Злой гений.
Часть четвертая.
Глава IV.

Заявление о нарушении
авторских прав
Автор:Коллинз У. У., год: 1866
Категория:Роман

Оригинал этого текста в старой орфографии. Ниже предоставлен автоматический перевод текста в новую орфографию. Оригинал можно посмотреть по ссылке: Злой гений. Часть четвертая. Глава IV. (старая орфография)



Предыдущая страницаОглавлениеСледующая страница

IV.

Из друзей и знакомых, которые водились с Гербертом Линлеем в прежние счастливые дни, не более двух-трех поддерживали знакомство с ним теперь, во время его позора. Нечего, конечно, прибавлять, что эти немногие знакомые были мужчины.

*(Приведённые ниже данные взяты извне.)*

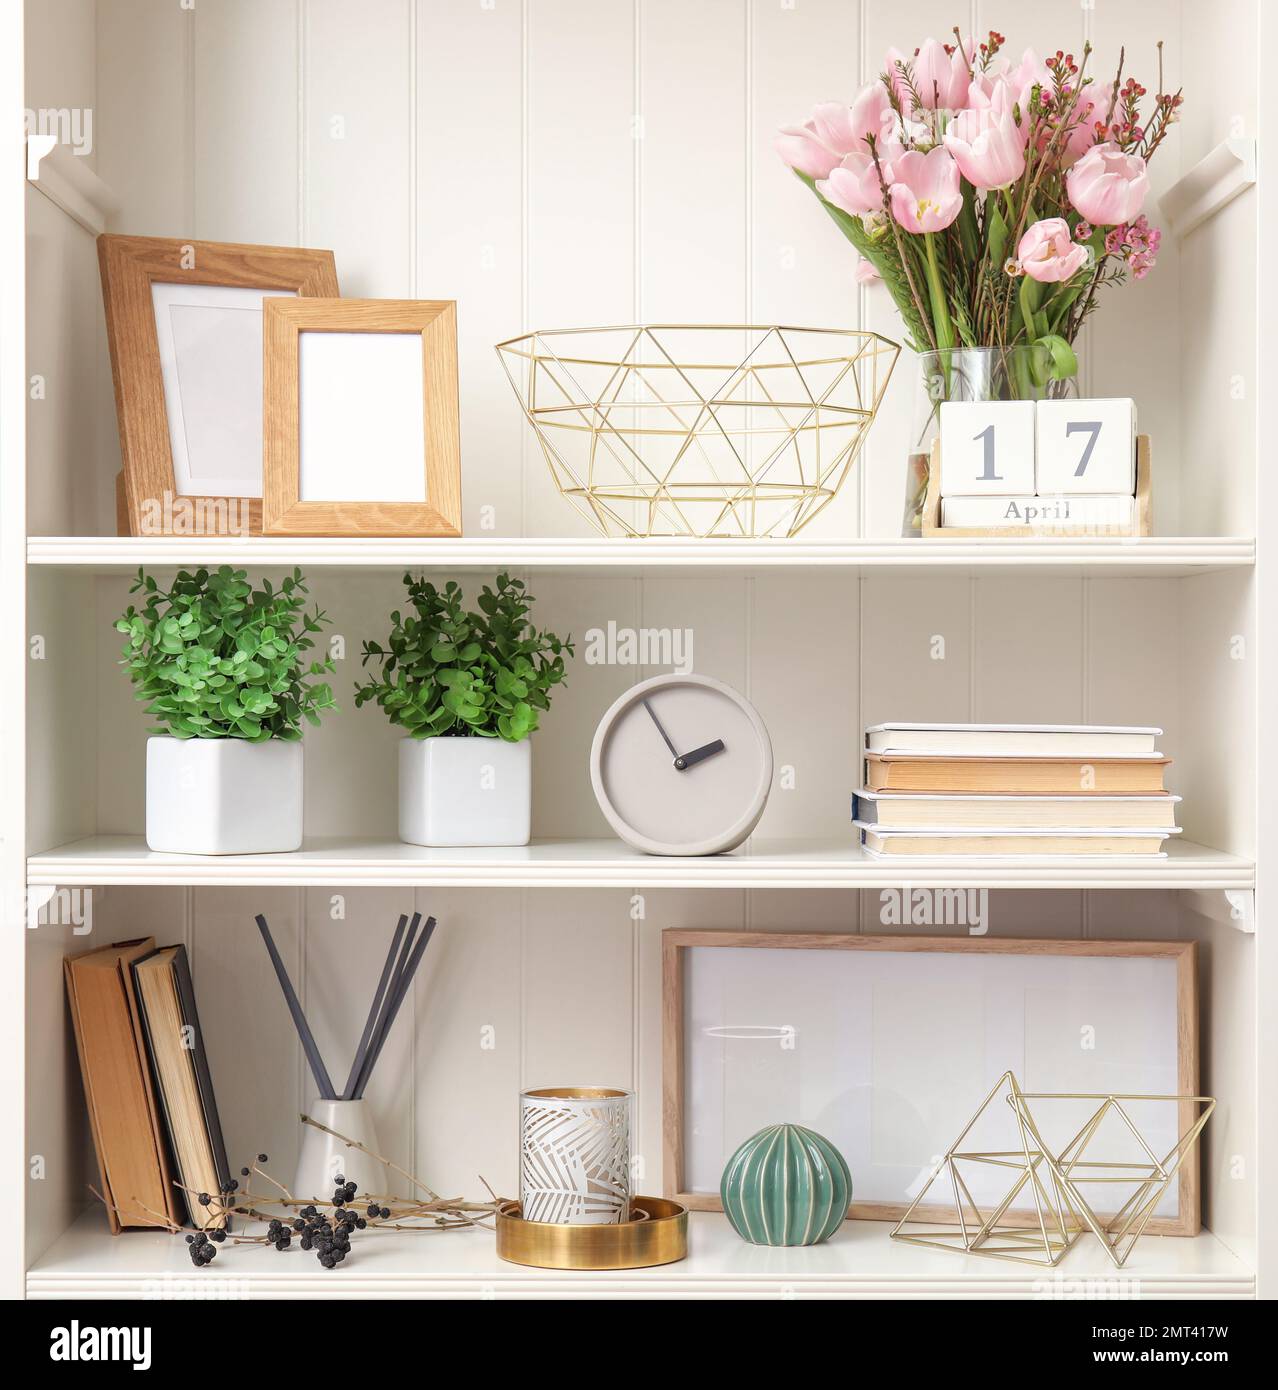 White shelving unit with plants and different decorative stuff Stock Photo

Один из таких верных друзей, не изменивших в тяжкие дни испытания, только-что разстался с Гербертом в лондонской гостиннице, где Линлей нанял комнаты для себя и для своей спутницы под именем мистера и мистрисс Герберт. Этот знакомый был поражен переменой, замеченной им в бывшем хозяине Моунт-Морвена. Прежняя полнота Линлея исчезла; он стал так худ, как после болезни; краска здоровья тоже сошла с его лица: оно было бледно и измучено. Он делал усилия, чтобы казаться прежним веселым и беззаботным человеком, но это ни к чему не приводило, и на него жалко было глядеть. "Пожертвовав всем, что делает жизнь спокойной и почтенной, он не получил взамен ничего, ни даже призрака счастия". С таким печальным заключением спускался уходивший гость его с лестницы гостинницы и пошел по улице.

Линлей вернулся к газете, которую он читал, когда приятель пришел к нему.

Строка за строкой следил он за судебным отчетом, который возвещал тысячам читателей, что жена развелась с ним и, по закону, стала опекуншей его ребенка. Слово за словом вникал он с мрачным вниманием в суровые выражения, в каких лорд-президент заклеймил его поведение и поведение Сидни Уэстерфильд. Фраза за фразой прочитал он порицание образа действий несчастной женщины, которую он обещал любить и уважать. Но и этого ему показалось мало. Перевернув страницу, он углубился в передовую статью, комментировавшую судебный процесс и написанную в тоне возвышенного и добродетельного сострадания. В ней вступались за жену и находили, что судья был к ней несправедлив, но в то же самое время утверждали, что нельзя достаточно сильно заклеймить поведете мужа и гувернантки, и что никакая кара, которую готовит им будущее, не будет слишком велика.

Он бросил газету на стол и задумался о том, что прочитал.

Как бы он ни был виноват, но одно несомненно, что он испил чашу горечи до дна. Когда он оглядывался назад, он видел только разбитую, и им самим, жизнь. Если он заглядывал в будущее, то видел пустыню, без всех тех приманок, которые необходимы человеку во цвете лет. Жену и ребенка он безусловно потерял - все равно, как если бы они для него умерли, - и это было делом его жены. Имел ли он право жаловаться? Нет, ни тени права. Как справедливо говорят газеты, он заслужил это.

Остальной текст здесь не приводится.